"You've got a protection against the terror beam," said the general matter-of-factly. "So have we. But ours weighs two tons. Yours can be carried without being a burden. And—" his eyes went to the unlikely cheese grater over Lockley's shoulder—"and yours detonates explosives. If we can equip the world with those, Lockley, we'll have peace!"

Lockley thought of a decisive test. He grimaced.

"You want me to risk being a traitor! All right, what's in it for me? What am I offered?"

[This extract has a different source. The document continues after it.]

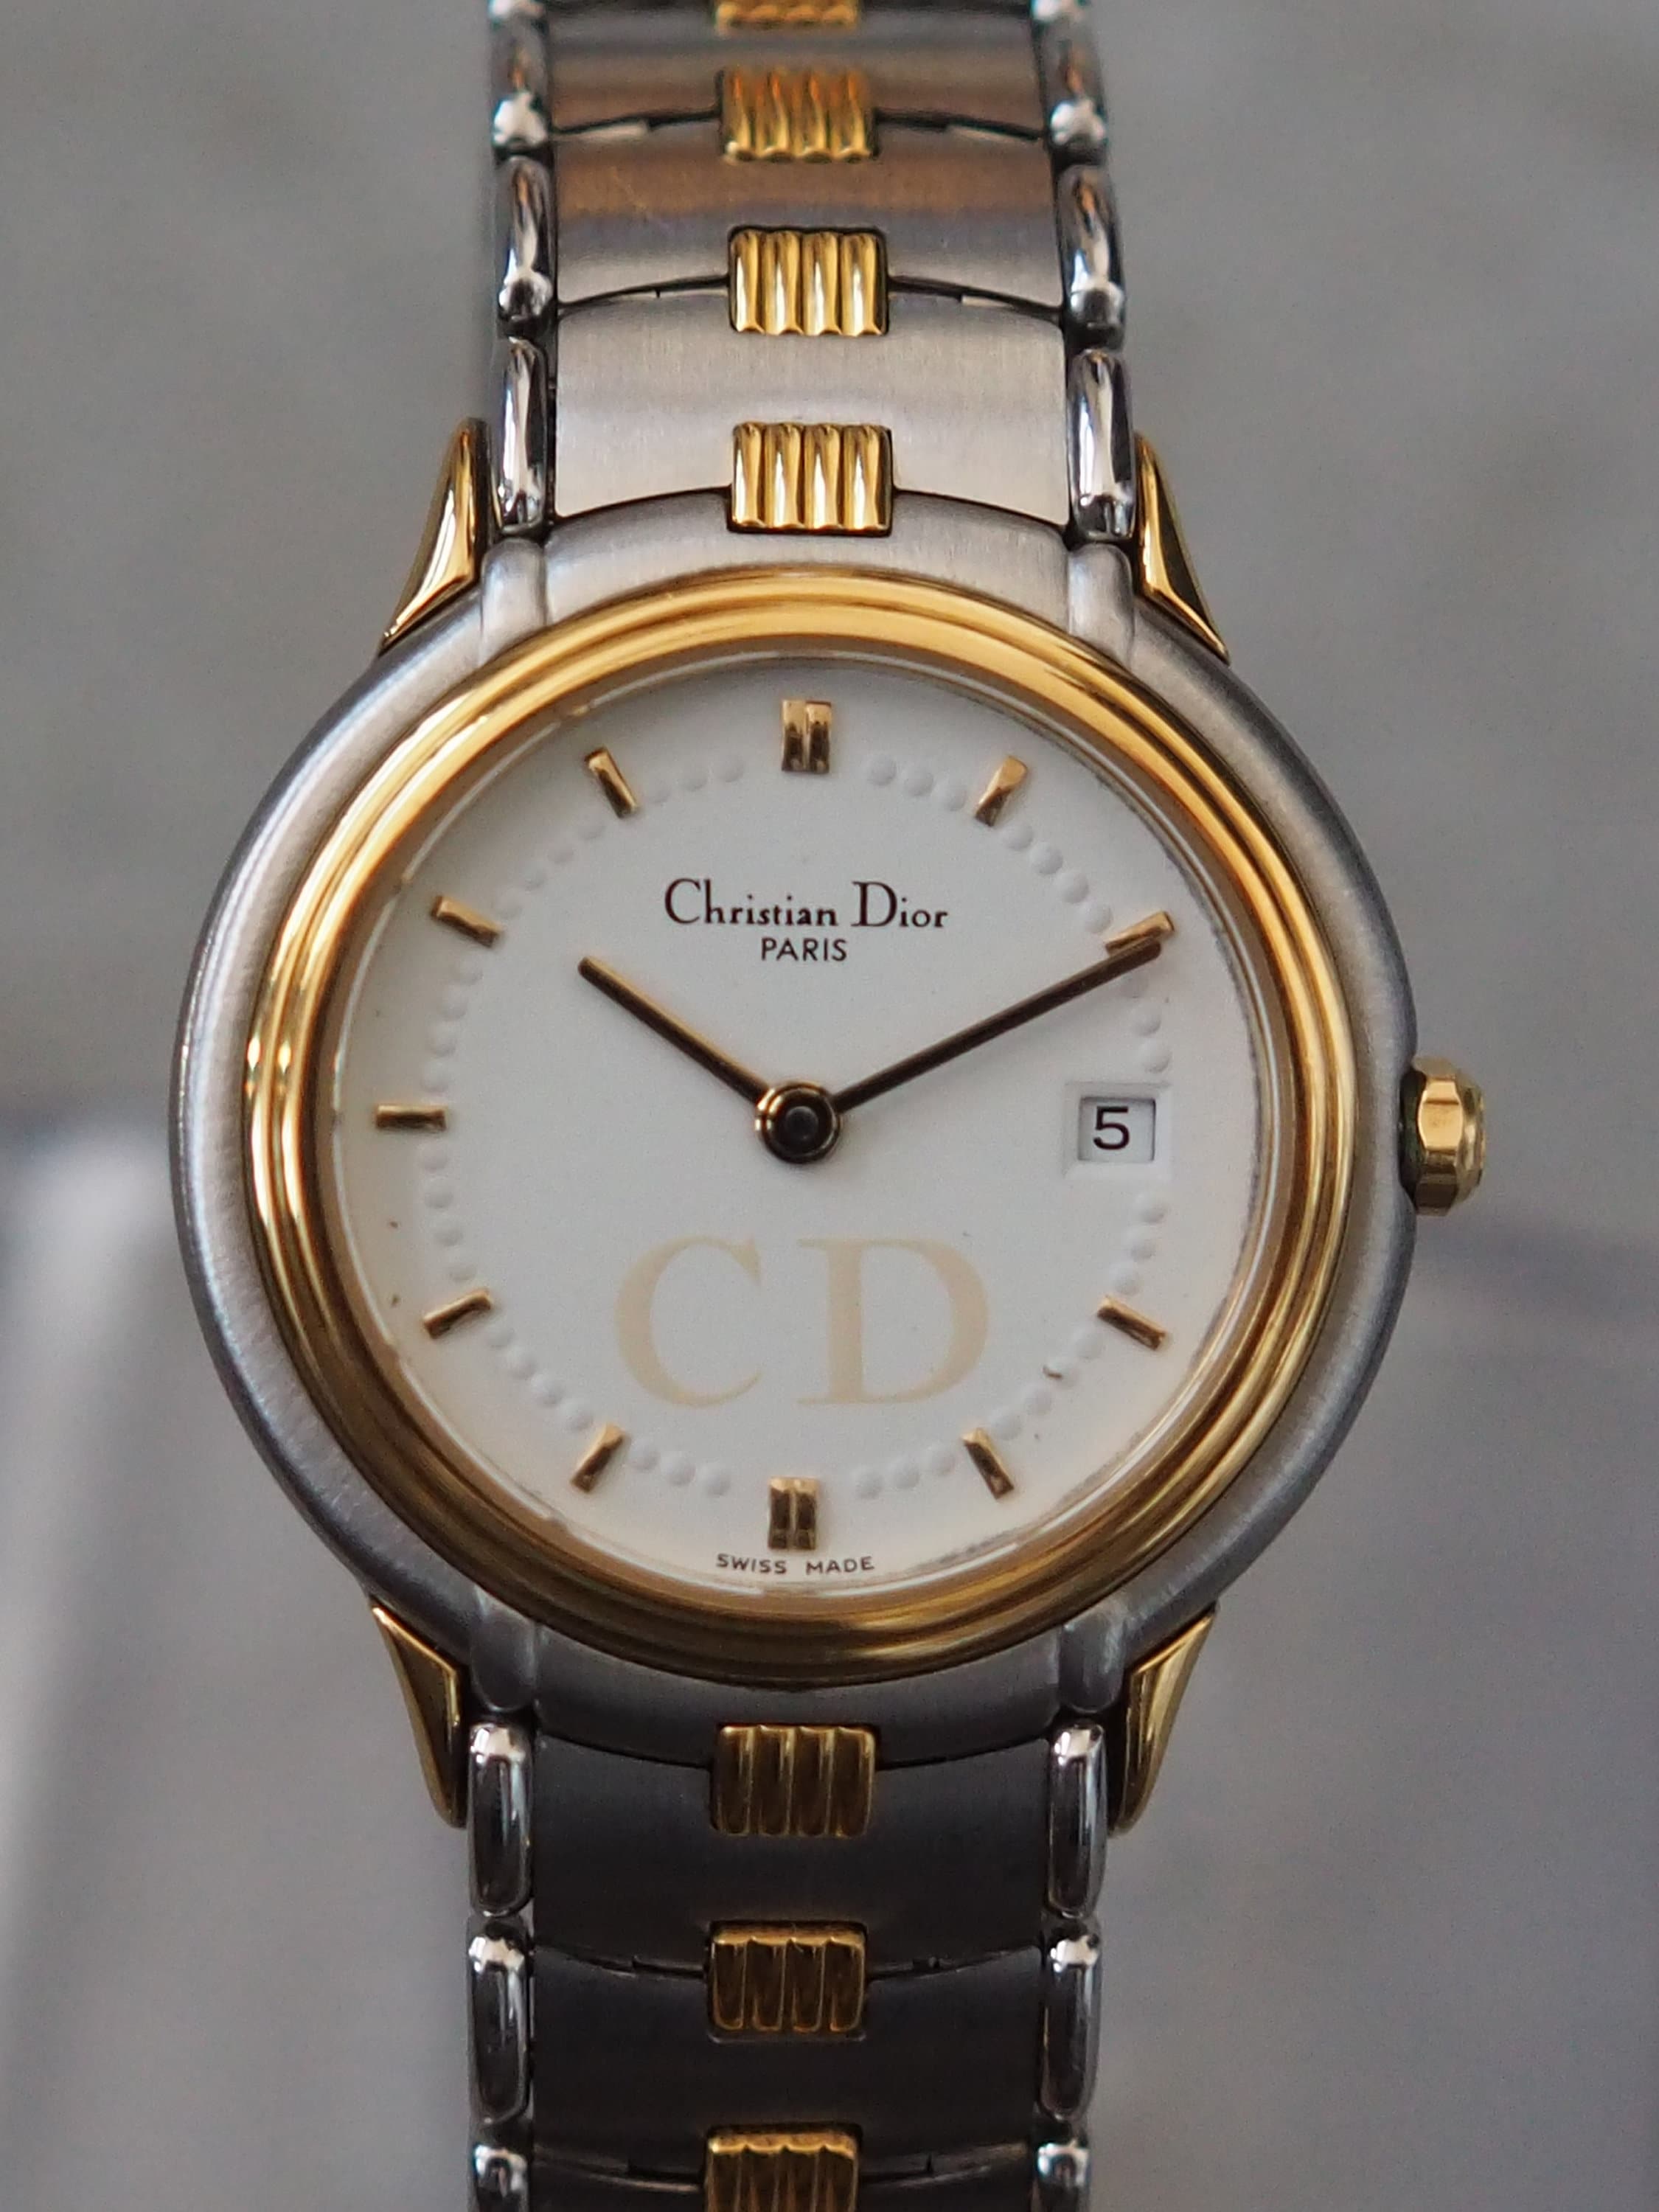 Christian Dior Round Watch Gold Silver Metal Quartz Wristwatch Ladies

The general shrugged, his eyes hardening. Vale spread out his hands. Sattell snorted. Jill moistened her lips. Lockley turned upon her.

"You want me to believe," he said harshly. "What do you offer if I turn over the thing to these men you say are honest men and neither spies or traitors. What do you offer?"

She stared at him. Then she said quietly, "Nothing."

Lockley hesitated once more, for a long instant. But that was the right answer. Nobody who'd been bought or bribed or frightened into being a traitor would have thought of it.

"That," said Lockley, "by a strange coincidence happens to be my price."

He ripped away a wire. He flung the queer combination of pocket radio and cheese and nutmeg graters to the general.

"I'll explain later how it works," he said wearily, "—if I haven't made a mistake."